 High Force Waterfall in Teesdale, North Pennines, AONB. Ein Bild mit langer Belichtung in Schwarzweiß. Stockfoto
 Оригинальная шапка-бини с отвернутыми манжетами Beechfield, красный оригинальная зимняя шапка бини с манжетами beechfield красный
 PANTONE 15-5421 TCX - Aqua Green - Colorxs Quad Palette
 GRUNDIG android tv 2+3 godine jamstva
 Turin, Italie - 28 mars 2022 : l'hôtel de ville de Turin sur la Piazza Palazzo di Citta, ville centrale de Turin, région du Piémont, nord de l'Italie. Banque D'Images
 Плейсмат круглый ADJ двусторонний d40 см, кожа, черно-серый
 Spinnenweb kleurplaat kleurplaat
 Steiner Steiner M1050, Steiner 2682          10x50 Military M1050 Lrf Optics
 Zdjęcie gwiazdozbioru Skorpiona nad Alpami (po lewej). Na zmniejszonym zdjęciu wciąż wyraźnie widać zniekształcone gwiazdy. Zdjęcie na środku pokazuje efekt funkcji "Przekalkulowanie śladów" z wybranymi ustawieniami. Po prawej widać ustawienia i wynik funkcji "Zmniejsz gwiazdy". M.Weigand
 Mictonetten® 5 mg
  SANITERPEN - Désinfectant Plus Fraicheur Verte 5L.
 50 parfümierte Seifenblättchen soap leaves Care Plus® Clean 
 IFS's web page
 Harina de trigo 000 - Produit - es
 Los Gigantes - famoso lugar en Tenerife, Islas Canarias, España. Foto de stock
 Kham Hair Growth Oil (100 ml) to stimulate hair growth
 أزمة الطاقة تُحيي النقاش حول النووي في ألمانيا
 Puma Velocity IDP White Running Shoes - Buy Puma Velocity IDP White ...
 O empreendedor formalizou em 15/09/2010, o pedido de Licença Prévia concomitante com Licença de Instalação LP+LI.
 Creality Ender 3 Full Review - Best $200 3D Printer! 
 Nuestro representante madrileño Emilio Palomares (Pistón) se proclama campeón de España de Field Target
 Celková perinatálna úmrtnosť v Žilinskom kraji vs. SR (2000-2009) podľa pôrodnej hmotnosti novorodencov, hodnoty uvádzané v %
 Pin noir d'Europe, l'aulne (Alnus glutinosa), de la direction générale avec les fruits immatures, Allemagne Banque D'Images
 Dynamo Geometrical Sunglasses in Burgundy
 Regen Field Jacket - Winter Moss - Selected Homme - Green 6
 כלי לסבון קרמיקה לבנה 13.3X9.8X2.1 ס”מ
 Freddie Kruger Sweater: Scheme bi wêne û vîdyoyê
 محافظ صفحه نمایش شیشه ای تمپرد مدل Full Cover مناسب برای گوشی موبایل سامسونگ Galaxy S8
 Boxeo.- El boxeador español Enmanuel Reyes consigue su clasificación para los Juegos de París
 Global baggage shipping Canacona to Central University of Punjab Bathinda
########################################
= Task goal =
Each line from the one with "Nuestro representante madrileño" through the end of the records above should be written out exactly. No other line should appear.

= Reply =
 Nuestro representante madrileño Emilio Palomares (Pistón) se proclama campeón de España de Field Target
 Celková perinatálna úmrtnosť v Žilinskom kraji vs. SR (2000-2009) podľa pôrodnej hmotnosti novorodencov, hodnoty uvádzané v %
 Pin noir d'Europe, l'aulne (Alnus glutinosa), de la direction générale avec les fruits immatures, Allemagne Banque D'Images
 Dynamo Geometrical Sunglasses in Burgundy
 Regen Field Jacket - Winter Moss - Selected Homme - Green 6
 כלי לסבון קרמיקה לבנה 13.3X9.8X2.1 ס”מ
 Freddie Kruger Sweater: Scheme bi wêne û vîdyoyê
 محافظ صفحه نمایش شیشه ای تمپرد مدل Full Cover مناسب برای گوشی موبایل سامسونگ Galaxy S8
 Boxeo.- El boxeador español Enmanuel Reyes consigue su clasificación para los Juegos de París
 Global baggage shipping Canacona to Central University of Punjab Bathinda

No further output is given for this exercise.